Moving the goal post closer so you can rush up against it, then moving it out again (as Hanlon does in her lab) is one of best things you can do to get ahead of procrastination. By simplifying tasks, not only are you efficiently working toward your goal, but you might still get little hits of relief or excitement when you finish a task.
Little rewards
Stern said a good motivation for overcoming procrastination is to reward yourself for “doing things you don’t want to do.”
Whatever a “reward” means to you, lean into one after you’ve checked off a necessary task that was making your stomach churn.
Get adrenaline in healthy ways
Being sleep deprived and procrastinating can put you into an overdrive state, Lewis said. Because the long-term health benefits are so damaging, using that stress response to drive productivity really isn’t sustainable.
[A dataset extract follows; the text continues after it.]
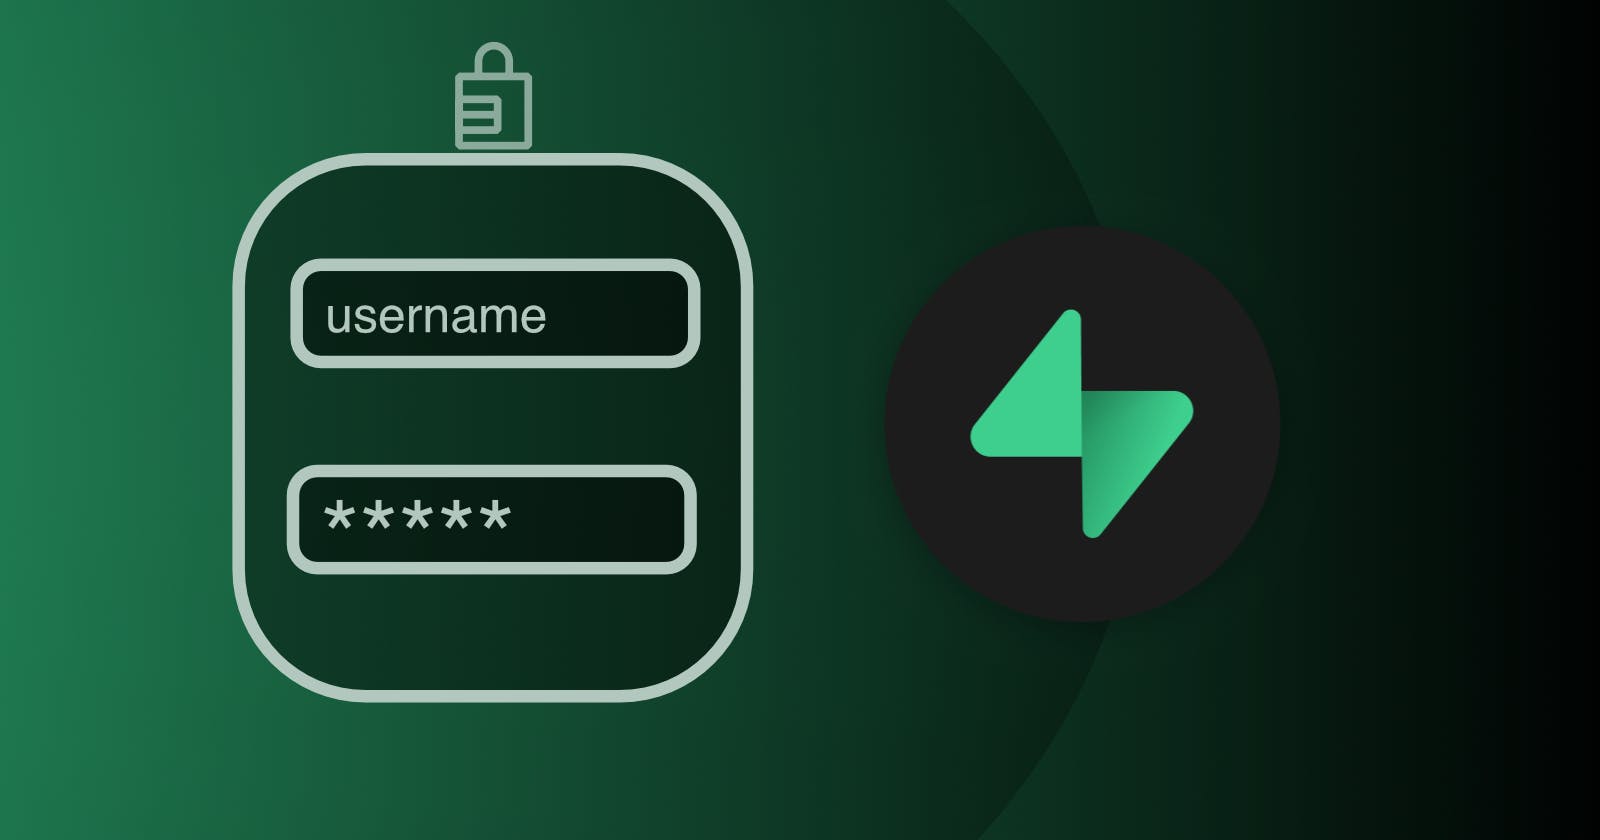 Building User Authentication with Username and Password using Supabase
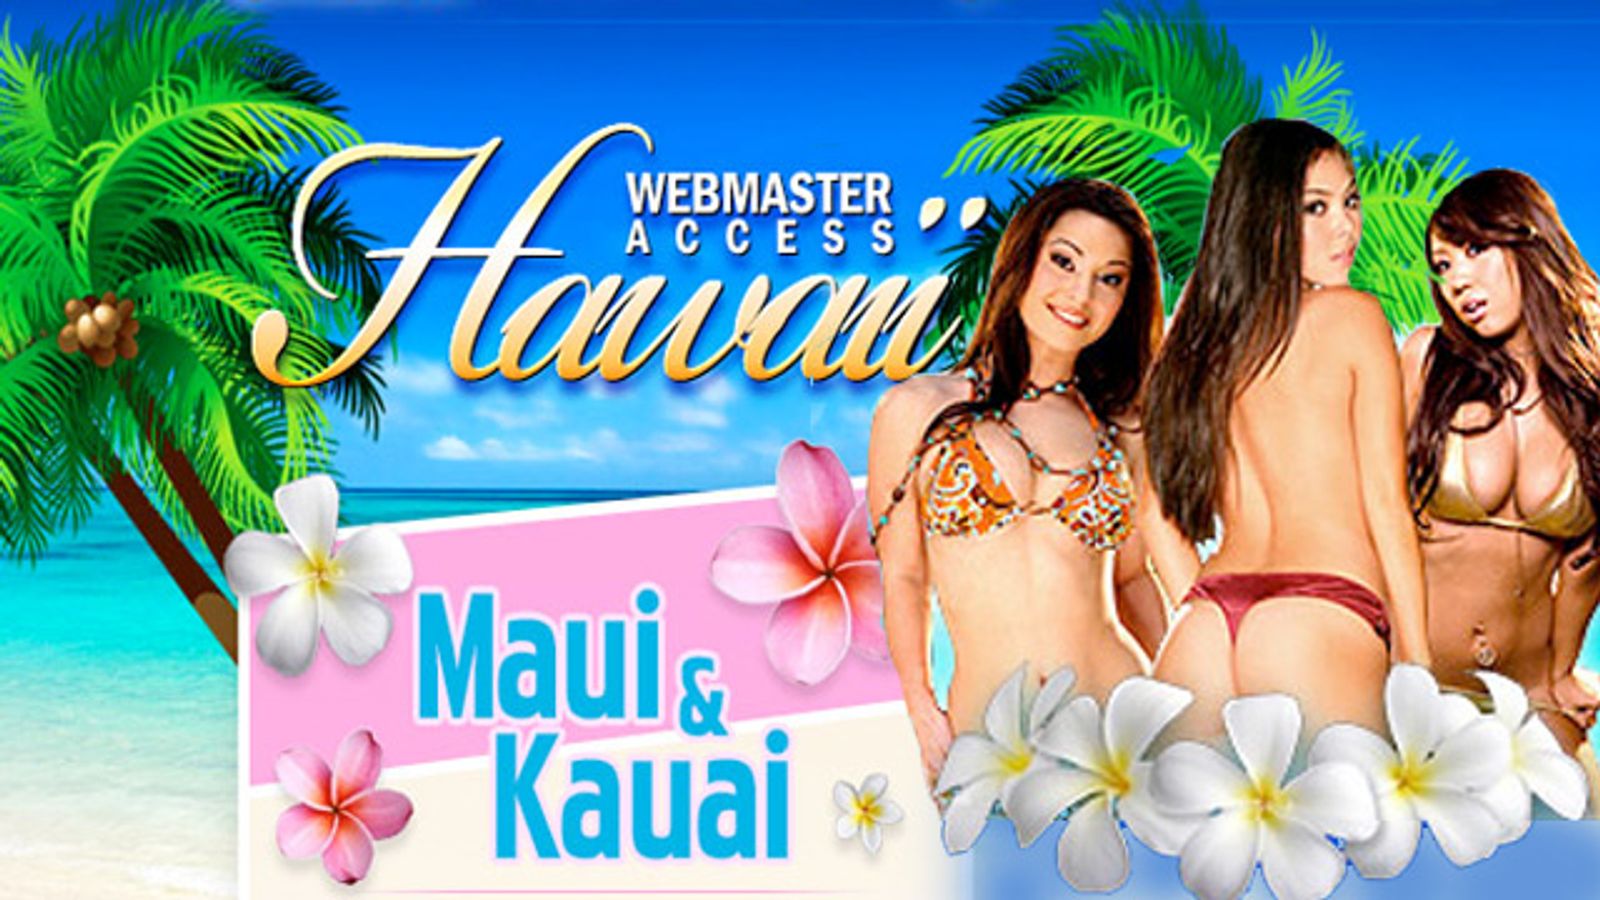 Webmaster Access Hawaii Set for Feb. 25-March 1

If you find yourself needing an extra energy boost, Lewis pointed to exercise as one of the simplest ways to get your adrenaline pumping. Going for a bike ride or run, then sitting down to a task that calls for some inspiration, might be all you need. (As a bonus, exercise will help you sleep better, too.)
The note card trick
This is something I started doing recently, and on the days I actually remember to write one, there’s a noticeable difference in how much energy or inspiration I have for all tasks at hand. It’s basically writing a to-do list, but I completely separate tasks I want to do from tasks I’m not excited about.
On one side of the card, I jot down tasks I’m not particularly thrilled about completing but need to get done. On the other side, I write down small “creative” tasks I also need to do that day. Sometimes they’re actually creative, like free write for 15 minutes, but I also throw in daily exercise or anything else I view as feeding the creative monster, and I weave in bursts of energy that way. It’s likely this works for me because crossing off these creative tasks serves as a type of reward, and it also draws out ways to break up tasks.
Actually make sleep a priority
If other wellness habits, such as staying hydrated, exercising regularly and eating nutritious foods, are like cheerleaders leading a rally about how much better I’d feel if I also developed a better sleep schedule, then my nights of scheduled sleep deprivation are the people smoking outside and skipping the rally altogether – we’ve heard it all before, and we’re just not interested.
But to whoever needs to hear this (me): Staying up late and being tired isn’t a badge of honor. While it might provide adrenaline-assisted benefits for a (very limited) one or two nights, chronic sleep deprivation will increase your risk of cognitive decline later in life, increase your risk of heart disease and so much more.
If you’re seeking novelty in your sleep routine, there are small things you can do to enhance the experience, like investing in a scent infuser, being selective about which pillow you use or how you arrange your bedroom, and generally thinking of a nightly routine as something you look forward to that will only help your work in the long run.
Try your best to create your 3 a.m. environment at 2 p.m.
Though sometimes I stay up super late to finish an everyday task because I put it off, I usually find myself in the biggest thick of sleep deprivation with a project I really want to get right. I love having the time, maybe in a dark and dreamy cafe that’s open until 2 a.m., to diddle around and wait for an idea to get its wings, which then makes the rest of the project feel so much easier. I want to give some things the right room to grow.
In an ideal world, Lewis said, we’d all head off to our cabins in the woods, packing only a “big bag of physical books.” But that’s not realistic, so you need to do what you can to make your environment one that’s similar to what you love about the nighttime.
As you start to experiment with ways you can complete your necessary tasks while still respecting the things you truly love to do, you may find that the need to participate in the dangerous sleep-deprivation-and-procrastination game fades away.
“We all crave that peace and quiet,” Lewis said. “Peace and quiet and being understood.”